We've seen a number of blog posts recently looking back over the technology trends of 2005 and looking ahead to 2006. Unsurprisingly, one of the oft-repeated Important Things(tm) from last year was the rise of Rails, Ruby, dynamic languages, and the hype machine surrounding them. I have one piece of advice for most of those bloggers, and I quote one of the deepest thinkers of our time, Noel Gallagher: "don't look back in anger". (He also famously wrote

She's got a brother We don't get on with one another But I quite fancy her mother And I think that she likes me

(and I think there's wisdom there for all of us.)

One of my favorite sub-memes of this major meme is that 2006 will show that dynamically typed languages are a fad and Java and .NET will again rule the day, and especially that 2006 will be the year that we see one spectacular failure of Ruby in the enterprise and this will be the death knell of this trend.

I have two words in response: "duh uhhhhh". Of COURSE we're going to see a massive public failure of a project written in Ruby or Python or Lisp or SmallTalk or Perl or whatever. It is inevitable. We'll see massive flameouts on a grand scale. You know why? Because for all that Rails or Ruby or Python or what have you attempt to solve a lot of the problems of modern software development, none of them can solve the underlying problem, that software is written by people and is often written by uninterested people. Now that the hype machine has generated enough attention on these dynamically typed platforms, it is only a matter of time before they are adopted by teams who are uninspired by or uninterested in their technical merits, propensities, and features. These teams will use them because they think they can get the same paycheck with less work, and their projects will fail. Loudly.

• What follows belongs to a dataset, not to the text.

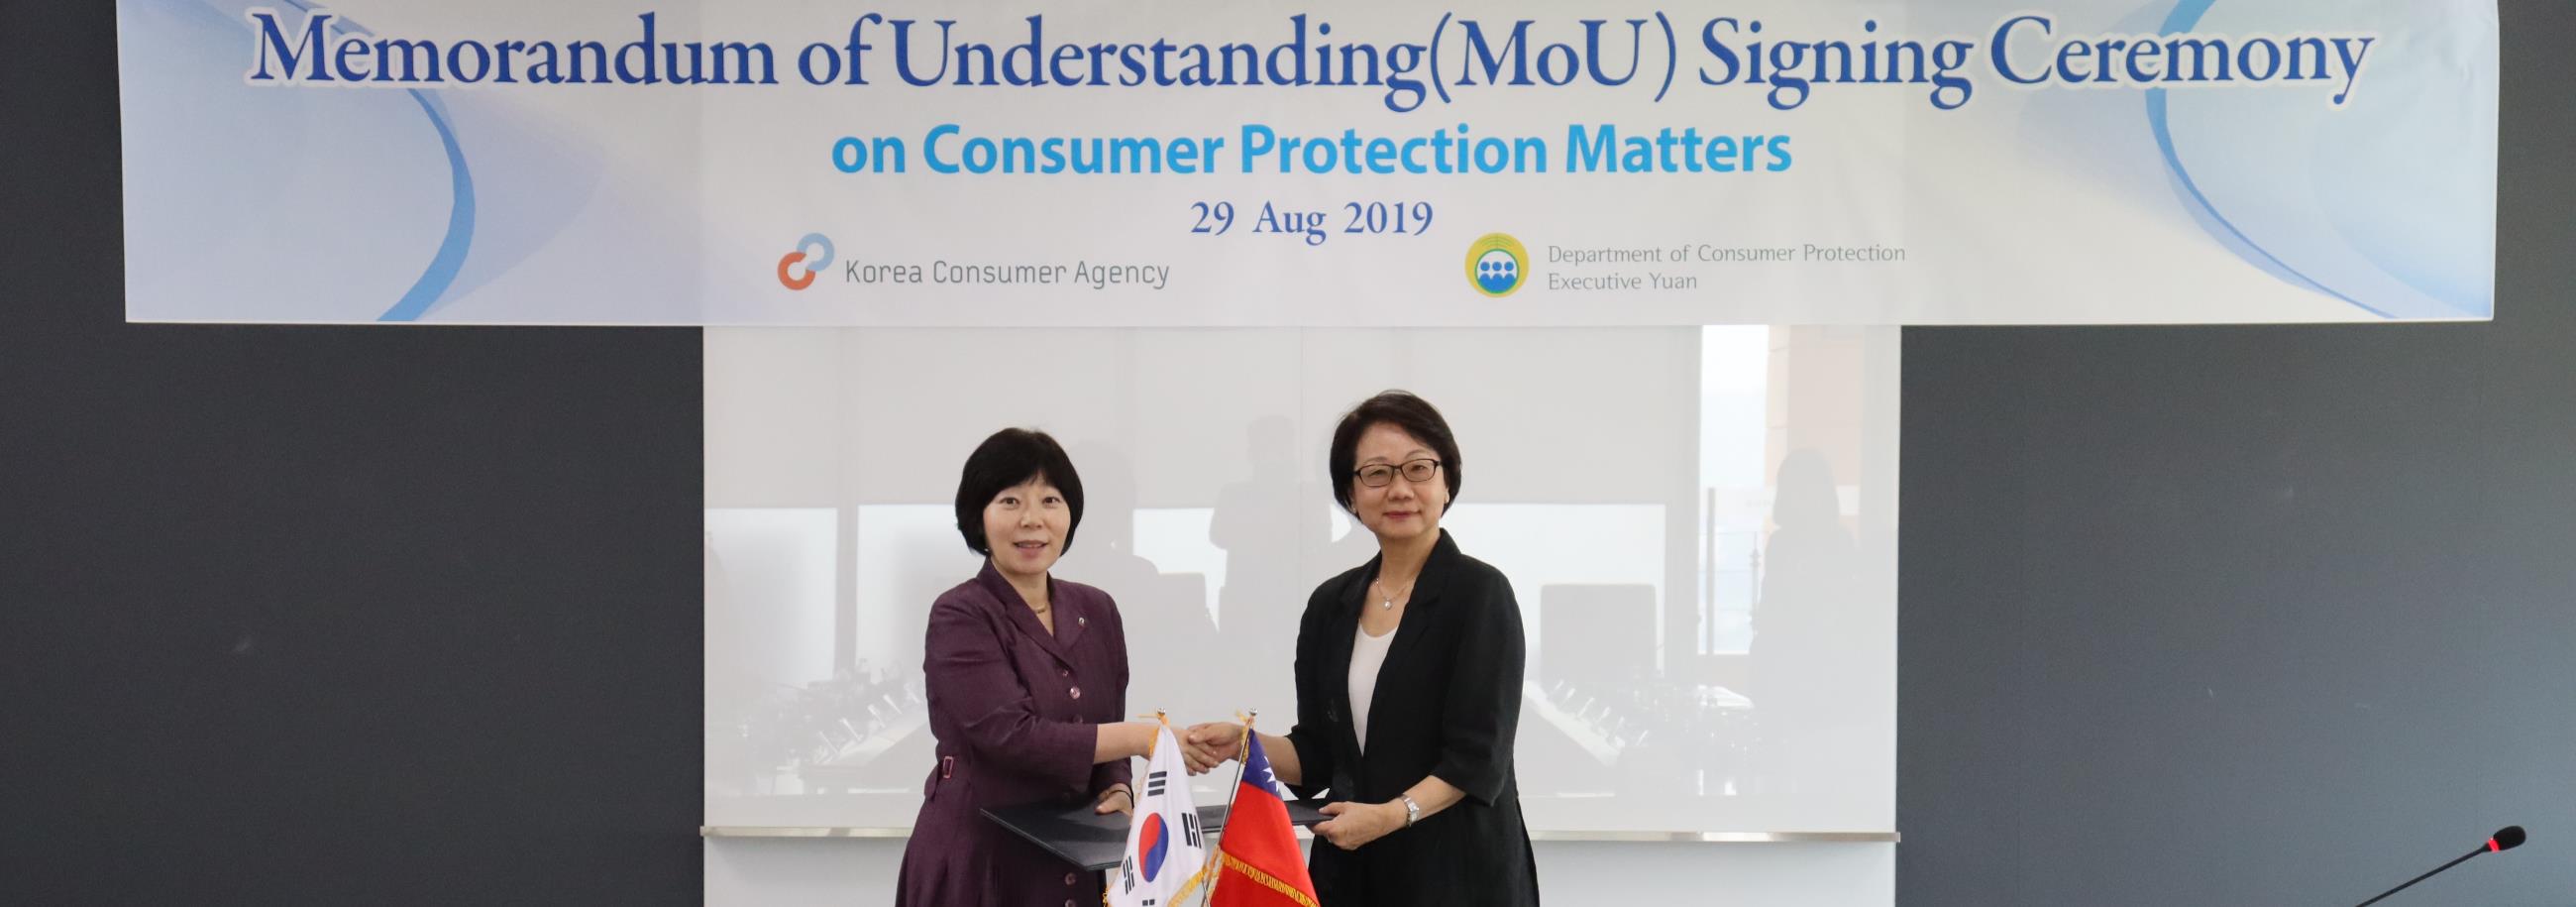 Taiwan and South Korea Signed Memorandum of Understanding on Consumer Protection

Does this mean that these languages, platforms and frameworks will be demonstrated to be the emperor's clothes? Not at all. It will merely announce their ascendence into the time-honored tier of Tools that People Use. Nobody has ever claimed, for instance, that using Ruby will make all projects succeed. Just that, in the hands of developers who care, projects can succeed faster and be better. Arguing that a large failure of a Ruby project in 2006 will be a death blow overlooks two important facts:

  1. there will be many more loud failures of Java and .NET projects in the same time frame
  2. there hasn't been a loud failure of a Ruby/Rails project yet.

Do either of these facts mean that Java and .NET have failed? Nope, but it sure is interesting, no?